Le Professeur Hart Bietez a les yeux froids, clairs, brutaux. Ses dents cassées sont en partie jaunie, sa barbe courte est blanche et des mèches de cheveux lui tombent derrière les oreilles. Sans parler, il dégage un charisme d'extrême gravité prêtant au respect. Il croise le regard du conseiller au costume sombre toujours impeccable, qui comprend immédiatement son rôle.

- Messieurs, dit-il aux professionnels de la détention, nous aurions besoin de savoir comment se sont déroulés les derniers échanges à vos yeux, notamment lorsque les caméras étaient éteintes, ajoute-il en fixant l'agent de la CIA.

Les agents pénitentiaires sont mal à l'aise. Ils tentent de ne pas se regarder, mais la gêne est patente.
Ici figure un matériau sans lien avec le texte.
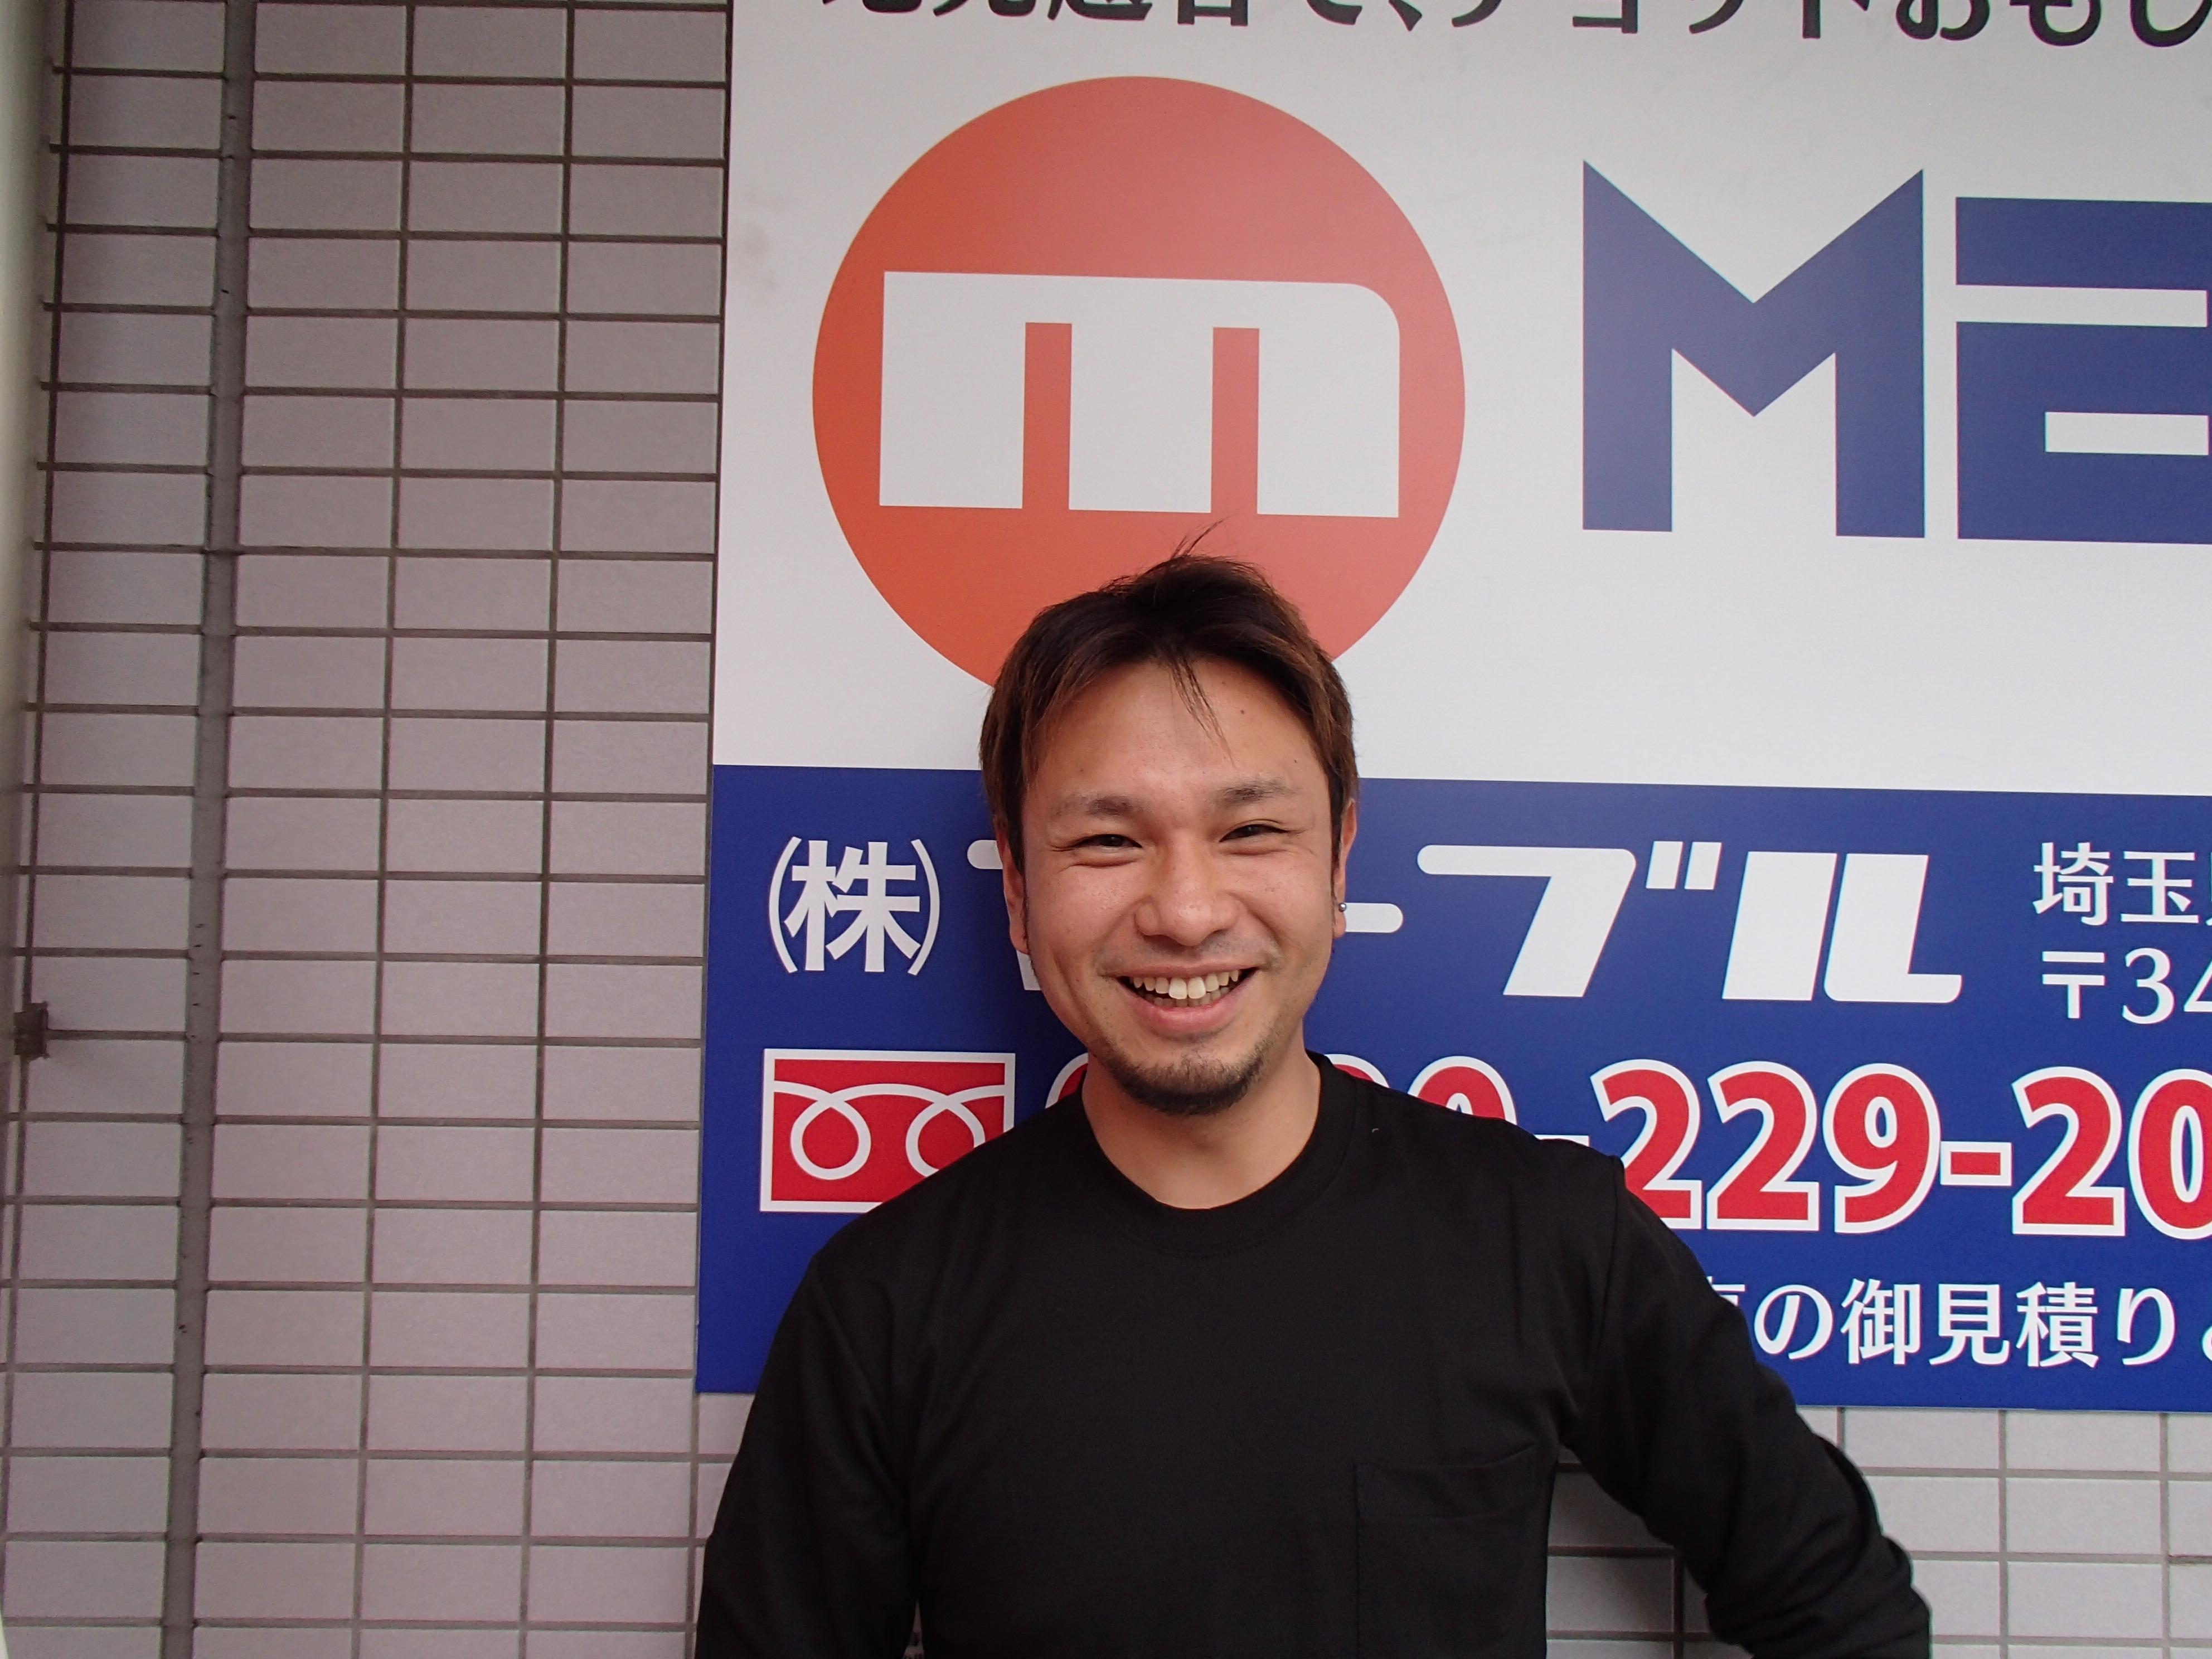 スタッフブログ 鈴木です!
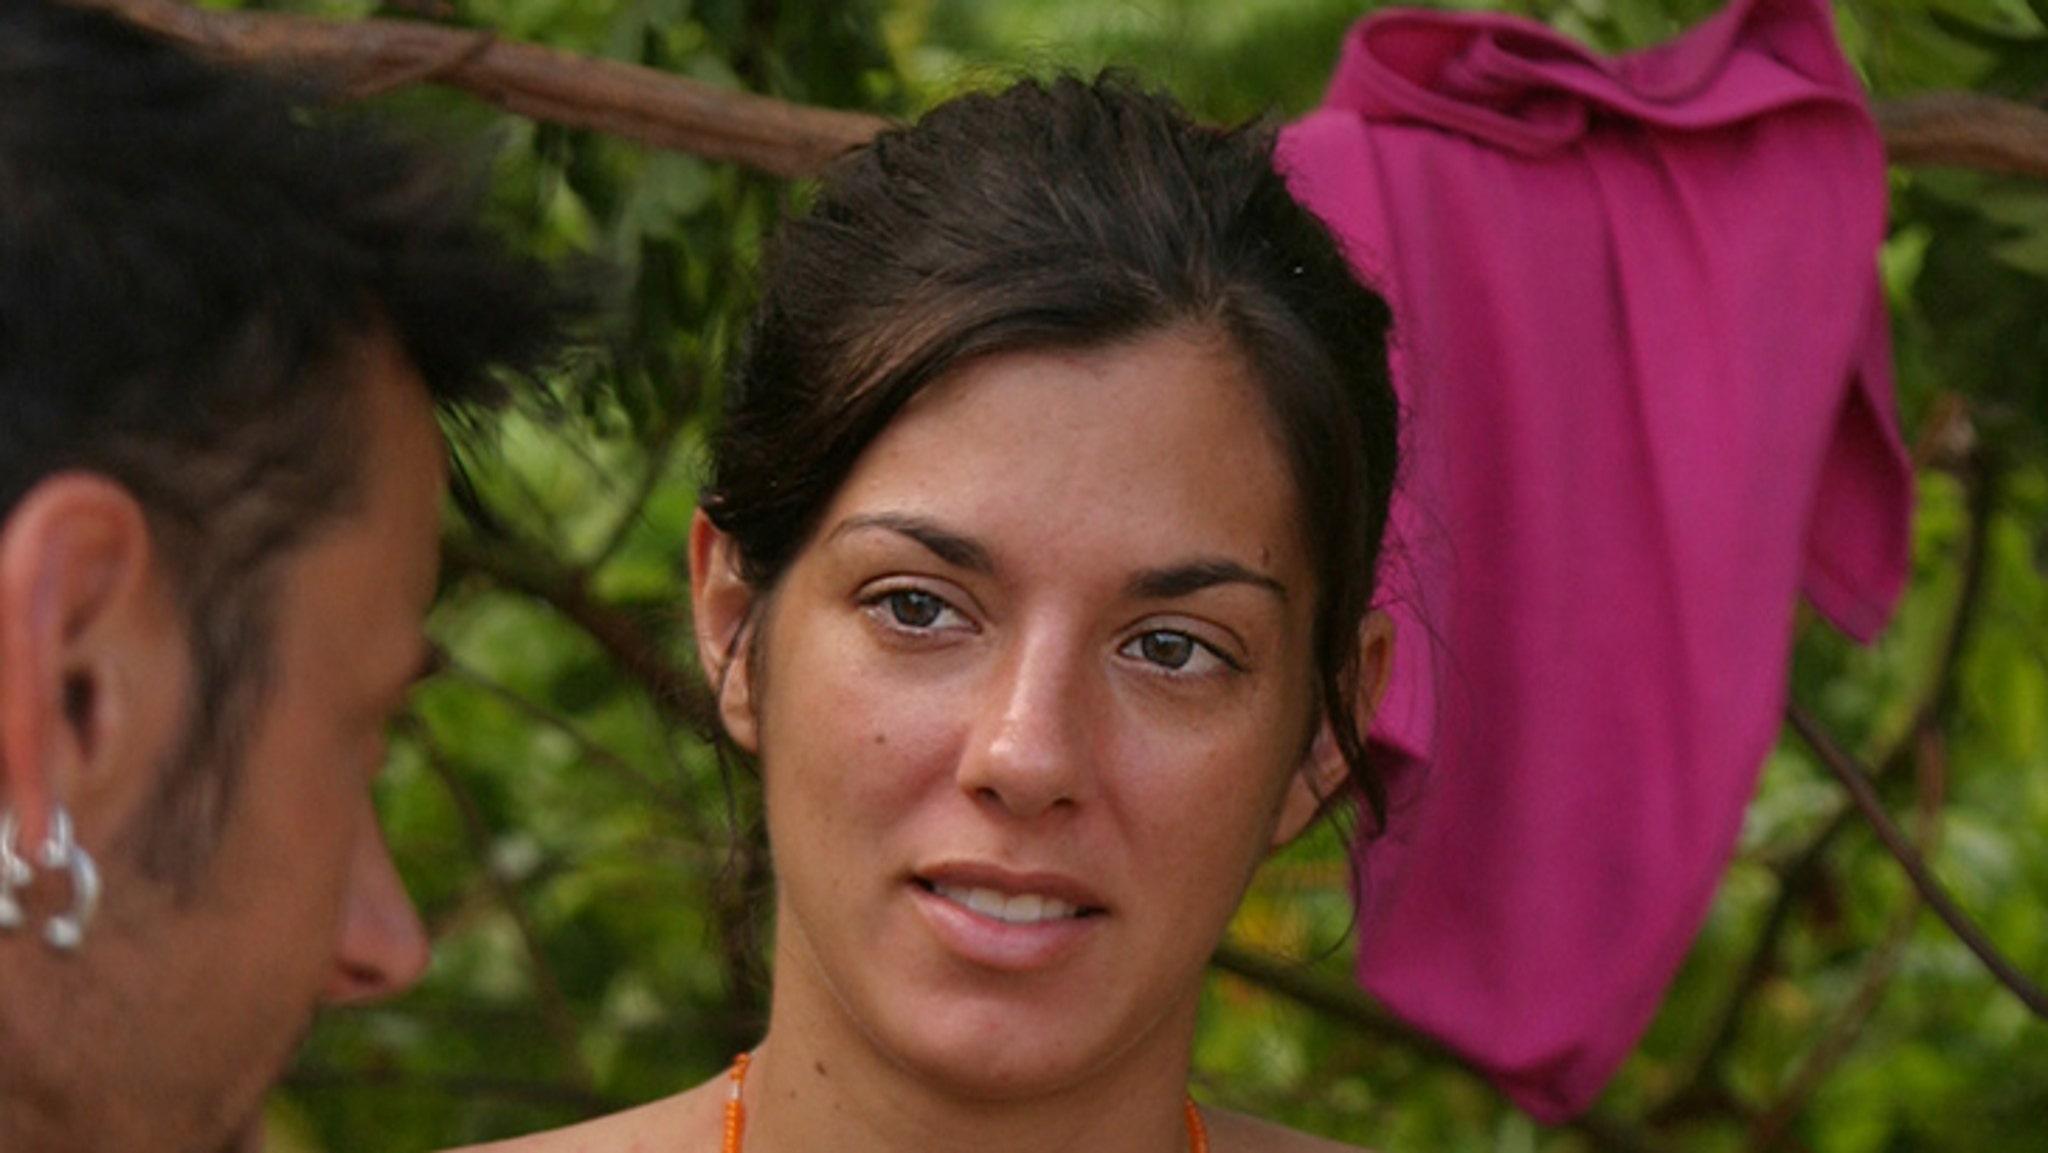 'Survivor' Winner Jenna Morasca Arrested for Biting Cop After Being Revived in DUI Drug OD

Ils expriment dans un symphonie mal orchestrée :

- Très bien, très bien...

- Oui très bien, rien de particulier.

- On n'a rien vu de particulier en tout cas.

J. Whedon se tourne vers le lieutenant en particulier :

- Vous non plus, j'imagine, lieutenant ?

- Affirmatif, rien de bien notable, feinte-t-il avec plus de succès que les surveillants.

Ces éléments de langage entrainent un rire mal retenu par l'agent de la CIA.

- Agent Lewis, dicte avec soin le Pr Bietez. Cette situation semble vous amuser. Les entretiens sont-ils différents au moins de ce que vos collègues de la CIA avaient fourni ?

- Ça, je vous le confirme, Professeur.

- Sur quel plan, je vous prie ? relance J. Whedon. A ma connaissance, nous n'aviez pas pu suivre le Docteur dans ses entretiens eux-mêmes.

- Tous les plans, affirme l'agent en tentant de masquer certaines de ses réactions trop directes.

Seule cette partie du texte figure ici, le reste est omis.